──────── RECORDED DATA ────────

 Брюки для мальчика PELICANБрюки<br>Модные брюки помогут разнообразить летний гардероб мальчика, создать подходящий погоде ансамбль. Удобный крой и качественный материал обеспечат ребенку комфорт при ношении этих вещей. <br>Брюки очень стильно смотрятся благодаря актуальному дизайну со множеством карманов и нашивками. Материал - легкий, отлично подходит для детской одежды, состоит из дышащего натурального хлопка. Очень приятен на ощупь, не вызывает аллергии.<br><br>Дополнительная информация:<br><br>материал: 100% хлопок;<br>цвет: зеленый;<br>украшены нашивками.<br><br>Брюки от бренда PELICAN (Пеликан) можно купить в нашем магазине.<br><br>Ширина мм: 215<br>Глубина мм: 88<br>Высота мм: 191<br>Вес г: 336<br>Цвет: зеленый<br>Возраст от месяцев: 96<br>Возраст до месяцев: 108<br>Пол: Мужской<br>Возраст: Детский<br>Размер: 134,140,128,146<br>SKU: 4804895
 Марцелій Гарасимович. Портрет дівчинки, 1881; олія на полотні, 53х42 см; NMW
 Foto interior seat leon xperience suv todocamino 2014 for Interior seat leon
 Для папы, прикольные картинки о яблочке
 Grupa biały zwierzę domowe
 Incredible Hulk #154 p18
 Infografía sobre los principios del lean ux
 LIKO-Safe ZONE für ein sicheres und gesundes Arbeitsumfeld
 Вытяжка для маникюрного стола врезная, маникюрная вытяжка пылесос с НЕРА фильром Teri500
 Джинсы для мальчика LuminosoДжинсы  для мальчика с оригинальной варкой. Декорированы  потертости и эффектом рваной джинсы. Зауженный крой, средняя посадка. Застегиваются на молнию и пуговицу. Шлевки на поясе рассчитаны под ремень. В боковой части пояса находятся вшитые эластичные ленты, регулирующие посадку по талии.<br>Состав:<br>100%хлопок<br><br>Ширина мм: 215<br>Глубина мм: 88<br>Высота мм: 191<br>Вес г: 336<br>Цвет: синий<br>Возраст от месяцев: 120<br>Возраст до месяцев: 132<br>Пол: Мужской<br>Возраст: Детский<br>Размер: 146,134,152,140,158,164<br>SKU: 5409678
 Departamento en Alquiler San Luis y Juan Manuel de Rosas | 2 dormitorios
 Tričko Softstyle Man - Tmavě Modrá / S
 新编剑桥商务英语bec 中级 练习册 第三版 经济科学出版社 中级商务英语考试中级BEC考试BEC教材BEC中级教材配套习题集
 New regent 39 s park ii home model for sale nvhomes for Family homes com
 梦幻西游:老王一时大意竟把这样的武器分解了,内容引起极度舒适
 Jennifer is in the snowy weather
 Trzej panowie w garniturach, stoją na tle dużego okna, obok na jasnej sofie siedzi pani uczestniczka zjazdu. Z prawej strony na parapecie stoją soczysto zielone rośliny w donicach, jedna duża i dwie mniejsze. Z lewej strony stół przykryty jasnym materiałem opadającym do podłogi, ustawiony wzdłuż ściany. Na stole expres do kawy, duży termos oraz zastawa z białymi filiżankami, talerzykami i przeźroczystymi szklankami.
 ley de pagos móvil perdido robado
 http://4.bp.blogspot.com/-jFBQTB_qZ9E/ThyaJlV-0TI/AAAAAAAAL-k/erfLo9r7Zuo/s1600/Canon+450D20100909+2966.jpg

────────

**ASSIGNED TASK**
Please print the lines from the start of the records up to and including the line with "Jennifer is in the snowy weather", copying each one exactly and leaving out the rest.

**RESPONSE**
 Брюки для мальчика PELICANБрюки<br>Модные брюки помогут разнообразить летний гардероб мальчика, создать подходящий погоде ансамбль. Удобный крой и качественный материал обеспечат ребенку комфорт при ношении этих вещей. <br>Брюки очень стильно смотрятся благодаря актуальному дизайну со множеством карманов и нашивками. Материал - легкий, отлично подходит для детской одежды, состоит из дышащего натурального хлопка. Очень приятен на ощупь, не вызывает аллергии.<br><br>Дополнительная информация:<br><br>материал: 100% хлопок;<br>цвет: зеленый;<br>украшены нашивками.<br><br>Брюки от бренда PELICAN (Пеликан) можно купить в нашем магазине.<br><br>Ширина мм: 215<br>Глубина мм: 88<br>Высота мм: 191<br>Вес г: 336<br>Цвет: зеленый<br>Возраст от месяцев: 96<br>Возраст до месяцев: 108<br>Пол: Мужской<br>Возраст: Детский<br>Размер: 134,140,128,146<br>SKU: 4804895
 Марцелій Гарасимович. Портрет дівчинки, 1881; олія на полотні, 53х42 см; NMW
 Foto interior seat leon xperience suv todocamino 2014 for Interior seat leon
 Для папы, прикольные картинки о яблочке
 Grupa biały zwierzę domowe
 Incredible Hulk #154 p18
 Infografía sobre los principios del lean ux
 LIKO-Safe ZONE für ein sicheres und gesundes Arbeitsumfeld
 Вытяжка для маникюрного стола врезная, маникюрная вытяжка пылесос с НЕРА фильром Teri500
 Джинсы для мальчика LuminosoДжинсы  для мальчика с оригинальной варкой. Декорированы  потертости и эффектом рваной джинсы. Зауженный крой, средняя посадка. Застегиваются на молнию и пуговицу. Шлевки на поясе рассчитаны под ремень. В боковой части пояса находятся вшитые эластичные ленты, регулирующие посадку по талии.<br>Состав:<br>100%хлопок<br><br>Ширина мм: 215<br>Глубина мм: 88<br>Высота мм: 191<br>Вес г: 336<br>Цвет: синий<br>Возраст от месяцев: 120<br>Возраст до месяцев: 132<br>Пол: Мужской<br>Возраст: Детский<br>Размер: 146,134,152,140,158,164<br>SKU: 5409678
 Departamento en Alquiler San Luis y Juan Manuel de Rosas | 2 dormitorios
 Tričko Softstyle Man - Tmavě Modrá / S
 新编剑桥商务英语bec 中级 练习册 第三版 经济科学出版社 中级商务英语考试中级BEC考试BEC教材BEC中级教材配套习题集
 New regent 39 s park ii home model for sale nvhomes for Family homes com
 梦幻西游:老王一时大意竟把这样的武器分解了,内容引起极度舒适
 Jennifer is in the snowy weather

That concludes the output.